Sergio Garavini (18 May 1926 – 7 September 2001) was an Italian politician, writer and trade unionist.

Biography 
Garavini was born in Turin.

At a very young age, he entered the Italian Communist Party (PCI) and the trade union Italian General Confederation of Labour (CGIL), which he contributed to reform after the defeat in the FIAT internal elections of 1955. He was subsequently regional secretary of CGIL, secretary of FIOM (CGIL's metallurgic workers confederation) and, finally, national secretary of CGIL.
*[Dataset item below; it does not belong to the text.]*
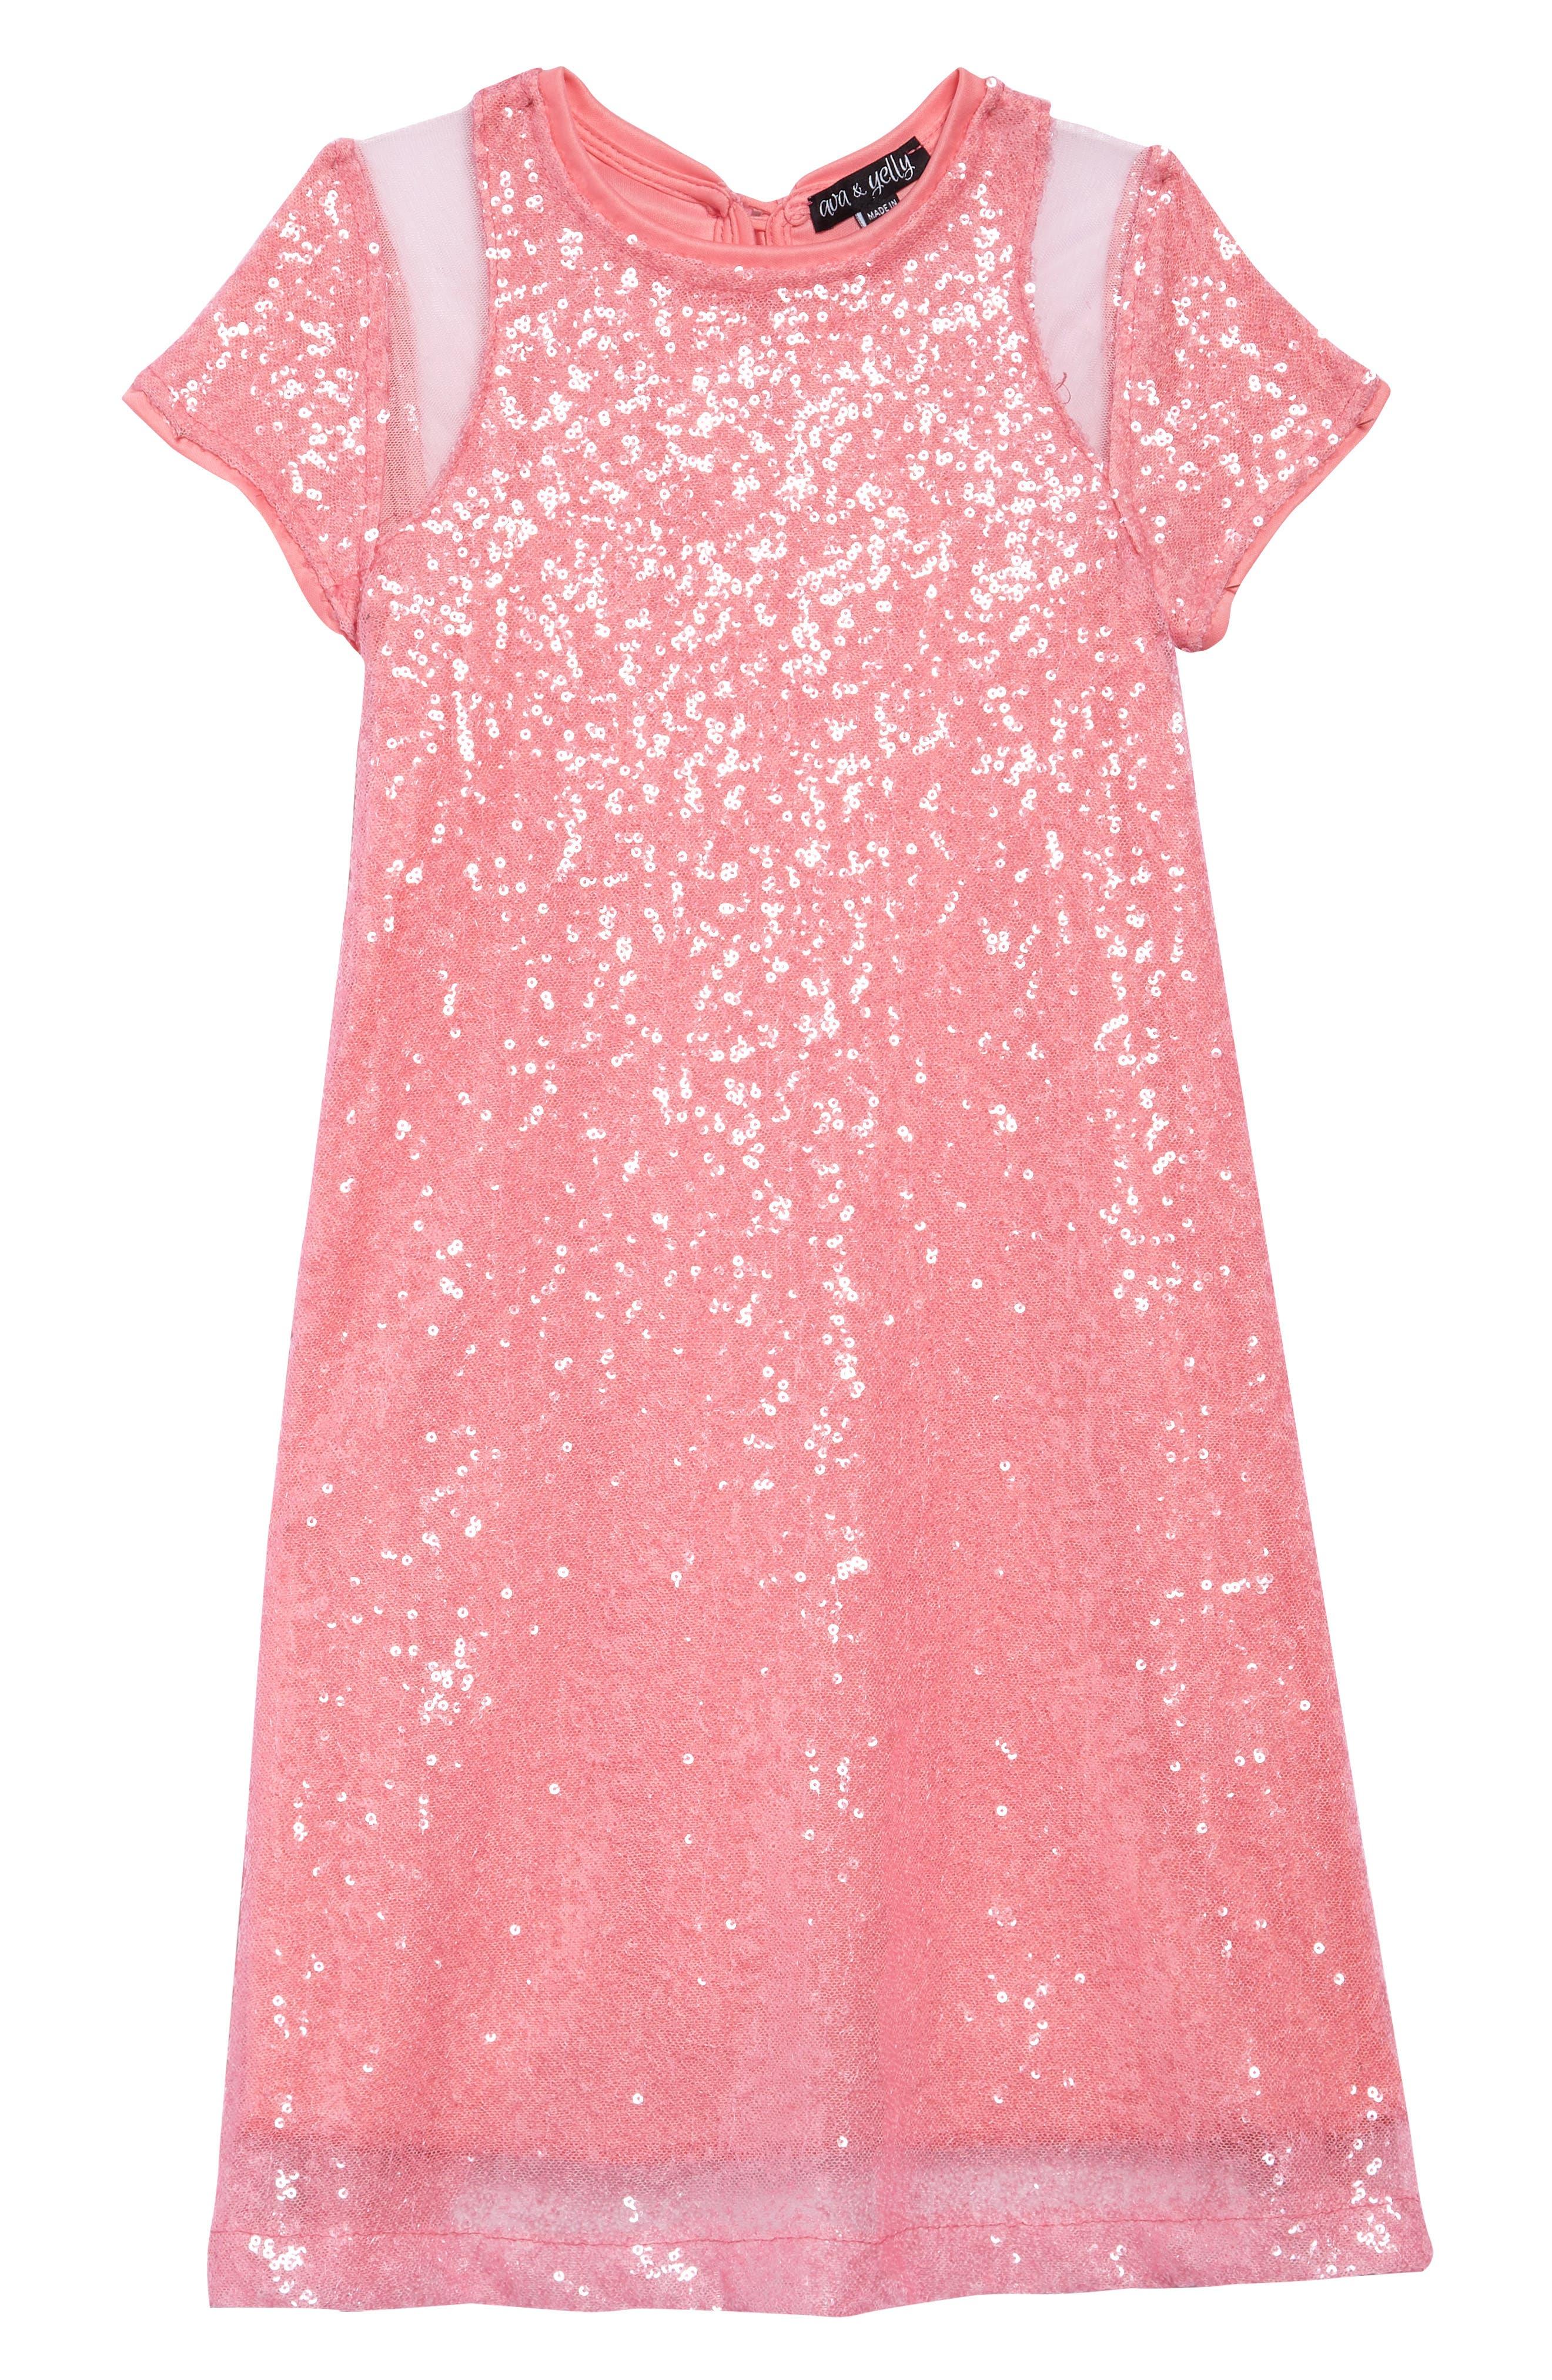 Daisy Sequin Shift Dress,                             Main thumbnail 1, color,                             650

In the trade union conflict between Fausto Bertinotti (who always favoured strikes) and Sergio Cofferati (more incline to mediation), Garavini usually sided for the first policy, but also proposed intermediate solutions such as the intermittent strike or the permanent consultation.

As a member of PCI, he supported Rossana Rossanda when she formed the party-newspaper il manifesto and was later expelled from the party, but Garavini never abandoned it. He was a staunch supporter of the automatic recovery of salaries against inflation, which was introduced thanks to CGIL in 1975. He was elected in the Italian Chamber of Deputies in June 1987, being confirmed in the elections of five years later.

When PCI secretary Achille Occhetto proposed to renounce to the party's communist nature and to form the Democratic Party of the Left, Garavini founded, on 15 December 1991, the Communist Refoundation Party, of which he was national secretary until 1993, when he resigned, being replaced by Fausto Bertinotti.

In 1995 Garavini, then a deputy for the Communist Refoundation, voted confidence to the center cabinet led by Lamberto Dini, in contrast with his party's guidelines. Subsequently, he left to form, together with the party's right wing such as Lucio Magri and Famiano Crucianelli, the Movement of Unitarian Communists, which in 1998 merged with the Democrats of the Left.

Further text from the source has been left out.